Calculating the rms speed of an N2 molecule. The units I end up with are J/kg and this is equivalent to Velocity. my question is why?

Homework Equations

v = J / kg
KE = .5mv^2

The Attempt at a Solution

I tried to derive it myself using the kinetic energy formula. What I end up with is that $v=\sqrt{\frac{2*J}{kg}}$

The units are right, J/kg, but it isn't a direct conversion like the solution on Chegg says. it looks like to convert, my 517 J/kg doesn't equal 517 m/s. It would seem I would have to take the square root of 1034

 

[Chestermiller]

J/ kg has units of velocity square.

 

[fresh_42]

I'm not sure that I understand what you mean.
$1J = \frac{kg\cdot m^2}{s^2}$ so Joule per kilogram is $\frac{m^2}{s^2}$ which is the unity of the squared velocity: $[v^2] = \frac{m^2}{s^2}$
The reason is, that all these units base on the metric SI system, i.e. $m\, , \,kg\, , \,s\, , \,A\,$.

 

[grandpa2390]

@Chestermiller @fresh_42

you are absolutely right. the $V_{rms} = \sqrt{\frac{3kT}{m}}$ is the square root of J/kg or v^2. But what about the 2? I guess that is already factored into the formula? What I am seeing now, based on your responses, is that velocity is equal to $v=\sqrt{2*v^2}$ it is just not working out in my mind. I am missing something.

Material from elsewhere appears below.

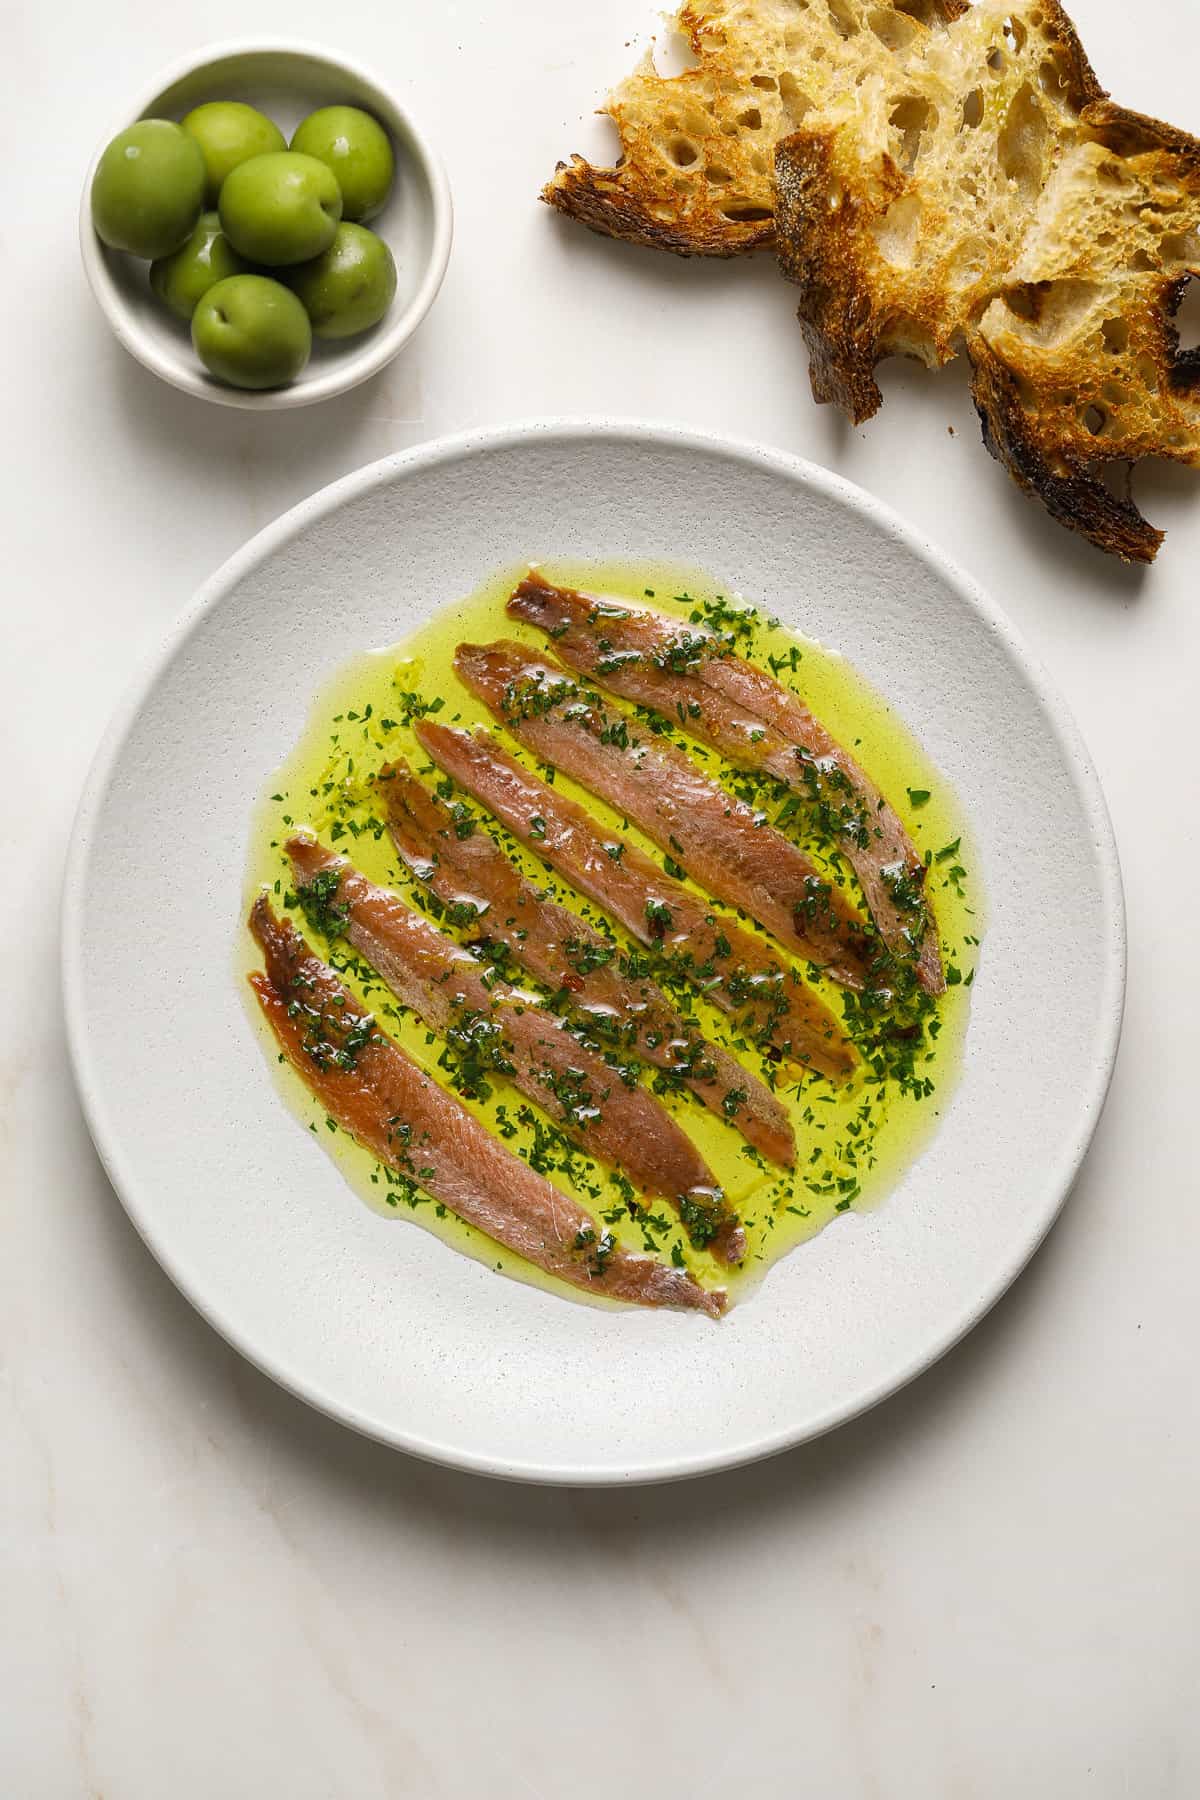 A plate of anchovies drenched in olive oil and herbs with sliced bread on the side and a small bowl of green olives.

the kinetic energy formula is $KE={\frac{1}{2}*m*v^2}$ or in units $J=\frac{1}{2}*kg*\frac{m^2}{s^2}$
solved for $v$ $v=\sqrt{\frac{2*KE}{m}}$ the units being $\frac{m}{s} = \sqrt{\frac{2*J}{kg}}$
and you are saying that $\frac{J}{kg} = \frac{m^2}{s^2}$ or $\frac{J}{kg} = v^2$
so that would be $\frac{m}{s} = \sqrt{2*\frac{m^2}{s^2}}$ or $v = \sqrt{2*v^2}$

that 2 is throwing me off. what am I missing here?

 

[TSny]

the kinetic energy formula is $KE={\frac{1}{2}*m*v^2}$ or in units $J=\frac{1}{2}*kg*\frac{m^2}{s^2}$

The factor of $\frac{1}{2}$ in the KE expression has no dimensions. So, $\frac{1}{2}$ doesn't contribute any units.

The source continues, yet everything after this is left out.